I am afraid of the pattern where people claim intuition and track record when called on poor legibility, and "being wrong before doesn't make me wrong now, you have to engage with my argument" when called on a poor track record. I don't think this is necessarily more likely or a bigger harm than your fears about excessive pushes for legibility, but it does strike deeper for me personally. 

Great post! Strong upvoted.

I don't play go, but I do play some chess (I especially enjoy chess puzzles), and whenever I don't "get" the proposed solution to a puzzle I spin up the engine and poke around until the situation resolves into something that makes sense to me. Why didn't my line work? Oh, there's a bishop block, etc. etc.

Back to the example of AlphaGo justifying itself to me, there are ways other than tree search that AlphaGo can make a legible argument in favor of a particular line of play. For instance, it could ask "what would you play instead?" and then play against itself starting from my proposed alternative play. In some sense, this means that the answer to all questions of this form are "because when I play that way, I lose."

You correctly identify that this takes much more computation than simply playing go well, since it opens up the algorithm to explore as many positions as I want it to. Heck, even a single question from me can take a long time to resolve (it requires an entire game!). Even that game may not be sufficient justification for me, since it is likely to generate even more questions, "okay, sure, if you play like that my line is bad, but what about if you follow it up with this?" [several lines of play] "oh."

Nonetheless, with this way of communicating between engine and human it is the human who generalizes. The engine is simply giving its expert opinion in the form of "this play is better than that play", and it can demonstrate that it is probably true but it doesn't really ever say why. The engine being able to generate correct lines of play makes it a useful tool in teaching, but doesn't make it a good teacher. It's still up to me to figure out what concepts I'm missing that are leading to poor play.

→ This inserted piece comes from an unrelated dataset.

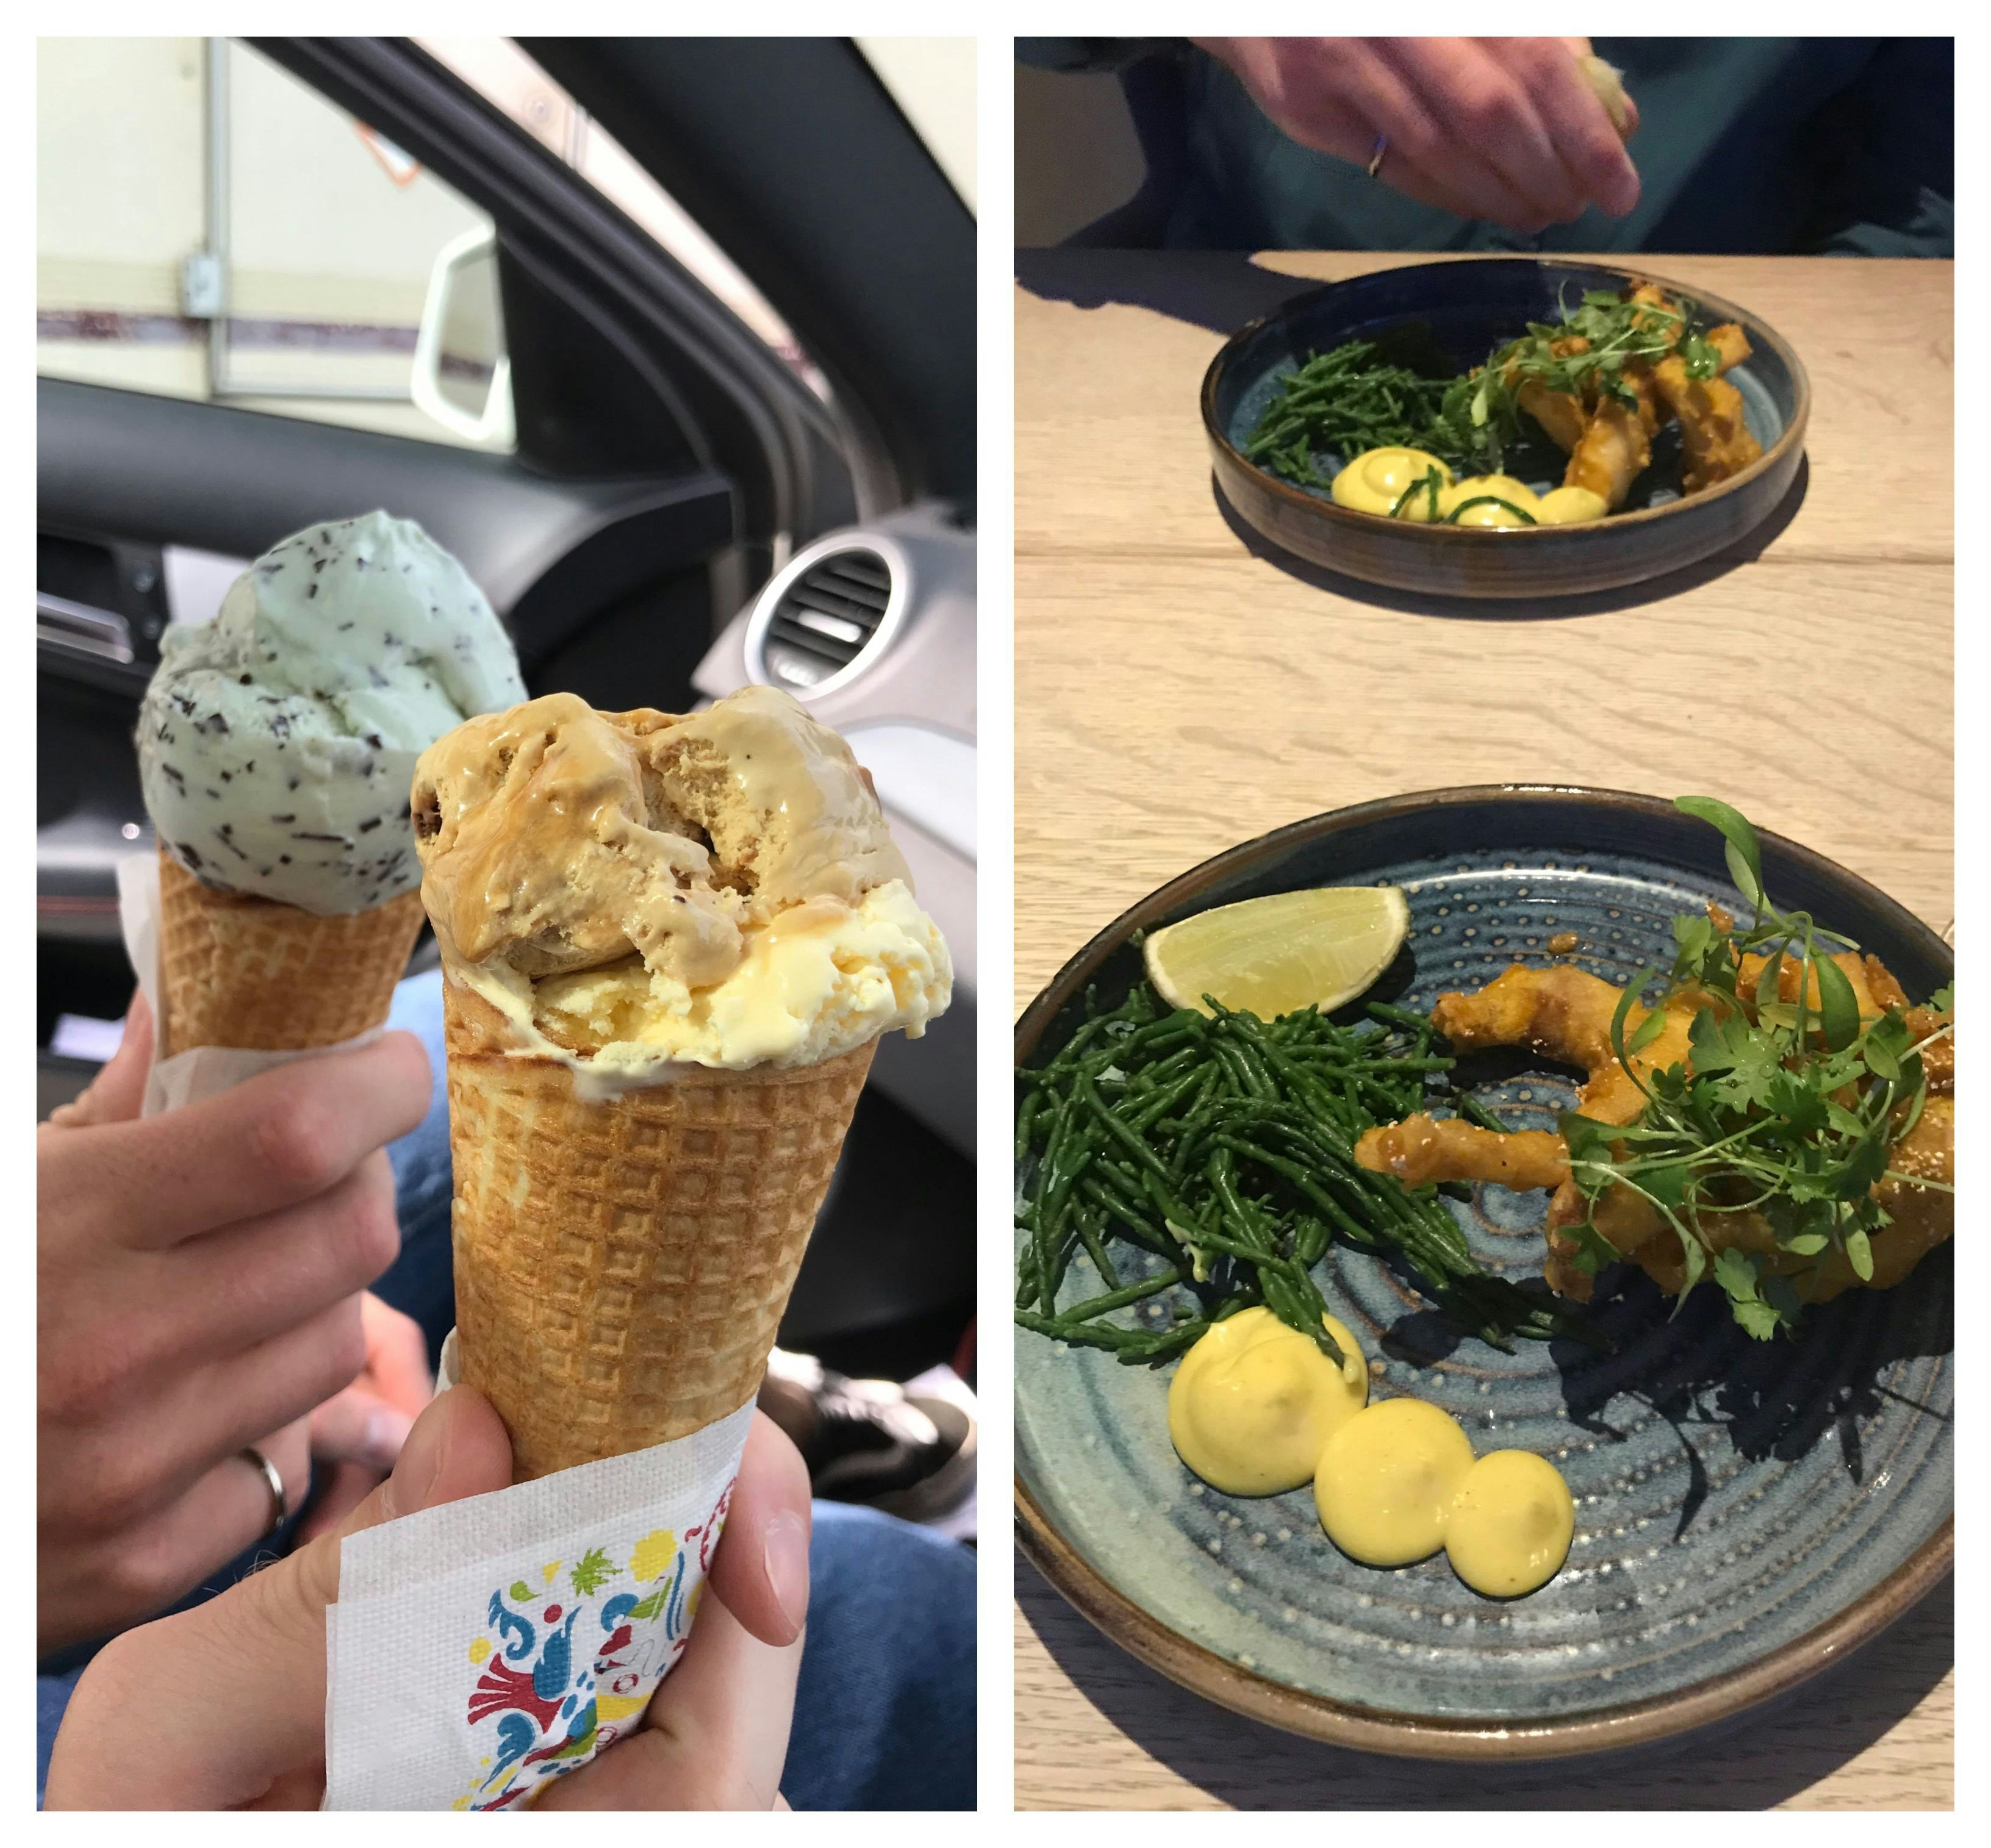 On the left, a close up of two ice-cream cones. On the right, two starters of tempura fish.

Now, the Go example has unusually fast and clear feedback. Many arguments do not work this way since they make predictions about things that will not happen for years (or may not happen at all!) or are about hidden bits of information. The fact that the engine can demonstrate that its model of the game is better than mine is very unusual.

Go is different from Chess. The fact that Chess was solved so much earlier than Go is because the feedback isn't as fast. While you get fast and clear problems for Life and Death problems most moves played in a game don't have fast feedback. It frequently takes a hundred moves to see why a particular move is good or bad and a move that provides two points more than an alternative move can be a very good move, without looking like much over the space of 100 moves.

A couple of things: 

I disagree with your claim that Chess is a solved game. AIs play much better chess than humans, but AIs continue to improve. The AIs of today would trounce the AIs from a few years ago, and "solved" means to me that there is a known best strategy. I do agree that Go is a harder game, but I believe they are very much in kind with one another.

I'm suspicious that when you say that "game x is easier than game y because the feedback isn't as fast", you will end up needing to define "fast feedback" in a way that depends on the difficulty or complexity of the game. As a result, the statement "game x is easier than game y" would mean approximately the same thing as "game x has a faster feedback loop than game y" by definition. Here are some ways you might define the speed of feedback so that the statement could be made, along with some problems they run into:

  • Time in seconds between making a move and the end of the game. Well, chess and go both take about as long as each other, so this seems like the wrong axis already.
  • Number of moves between making a move and the end of the game. It seems easy to imagine a game that has many moves, and where individual moves can be very strong or very weak, but is nonetheless very easy. For instance, we could modify the game of 21 to instead count to ten trillion; the feedback from move one to your win or loss is long and yet the game is just as easy as 21.
  • The amount of compute required to determine how good a move is[1]. This would be my definition of the difficulty of a game.

Chess frequently has far-reaching consequences of relatively quiet moves. This video of AlphaZero versus Stockfish is my personal favorite example of this. Stockfish is up in material for the majority of the game (and thinks it is winning handily for most of this time), but loses convincingly by the end of the game. An AI that is far superior to me at chess failed to see the long-reaching consequences of its plays; it was not obvious to it that it had played a bad move for quite a while.

When I think of the speed of feedback, I think of the amount of time in seconds that elapses between making a decision and receiving new information from the outside world that would be meaningfully different if I had made a different decision. I expect that definition to have problems, since I don't know how to define "meaningfully different information", but it's the best I can do right now.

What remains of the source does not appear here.